Problem
json = Yajl::Parser.parse(file_stream)
When you invoke Yajl::Parser like this, the entire stream is loaded into memory to create your data structure. Don't do that.
Solution
Yajl provides Parser#parse_chunk, Parser#on_parse_complete, and other related methods that enable you to trigger parsing events on a stream without requiring that the whole IO stream be parsed at once. The README contains an example of how to use chunking instead.
The example given in the README is:
Or lets say you didn't have access to the IO object that contained JSON data, but instead only had access to chunks of it at a time. No problem!

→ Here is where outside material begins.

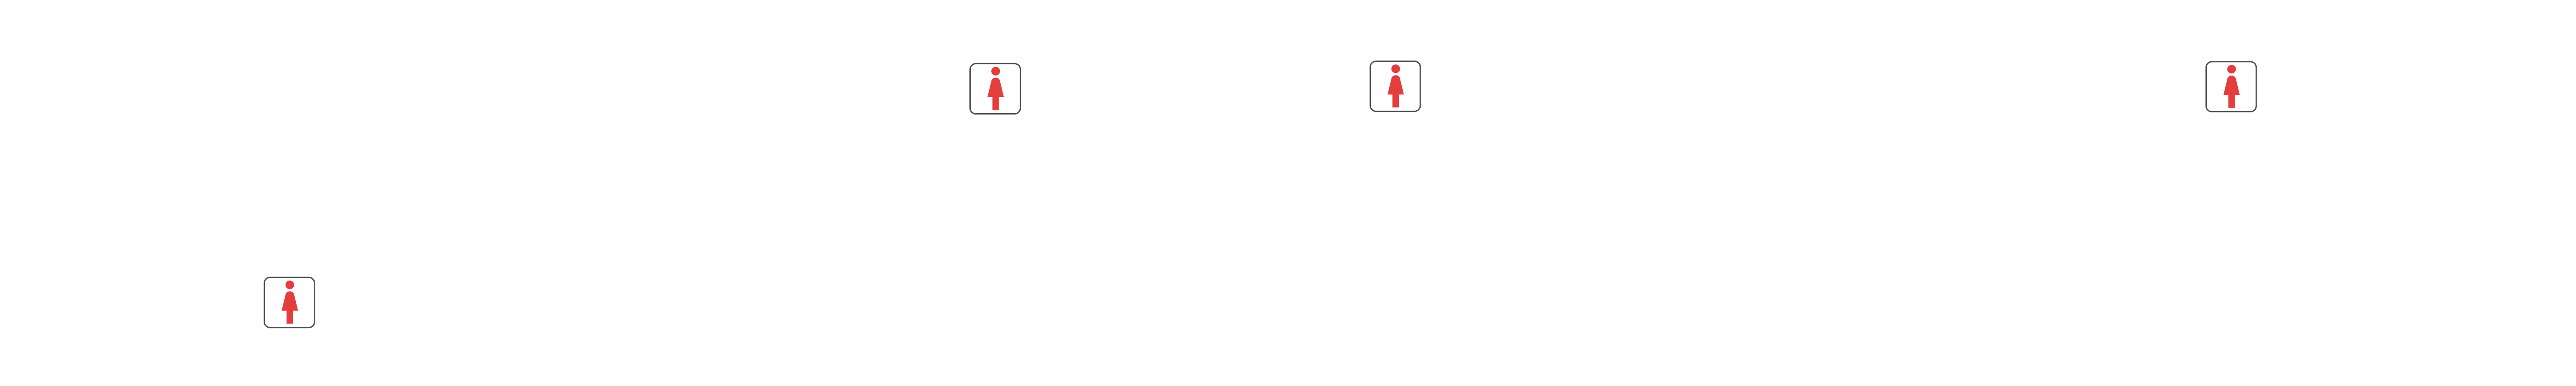 Female restroom

(Assume we're in an EventMachine::Connection instance)
def post_init
@parser = Yajl::Parser.new(:symbolize_keys => true)
end
def object_parsed(obj)
puts "Sometimes one pays most for the things one gets for nothing. - Albert Einstein"
puts obj.inspect
end
def connection_completed
# once a full JSON object has been parsed from the stream
# object_parsed will be called, and passed the constructed object
@parser.on_parse_complete = method(:object_parsed)
end
def receive_data(data)
# continue passing chunks
@parser << data
end
Or if you don't need to stream it, it'll just return the built object from the parse when it's done. NOTE: if there are going to be multiple JSON strings in the input, you must specify a block or callback as this is how yajl-ruby will hand you (the caller) each object as it's parsed off the input.
obj = Yajl::Parser.parse(str_or_io)
One way or another, you have to parse only a subset of your JSON data at a time. Otherwise, you are simply instantiating a giant Hash in memory, which is exactly the behavior you describe.
Without knowing what your data looks like and how your JSON objects are composed, it isn't possible to give a more detailed explanation than that; as a result, your mileage may vary. However, this should at least get you pointed in the right direction.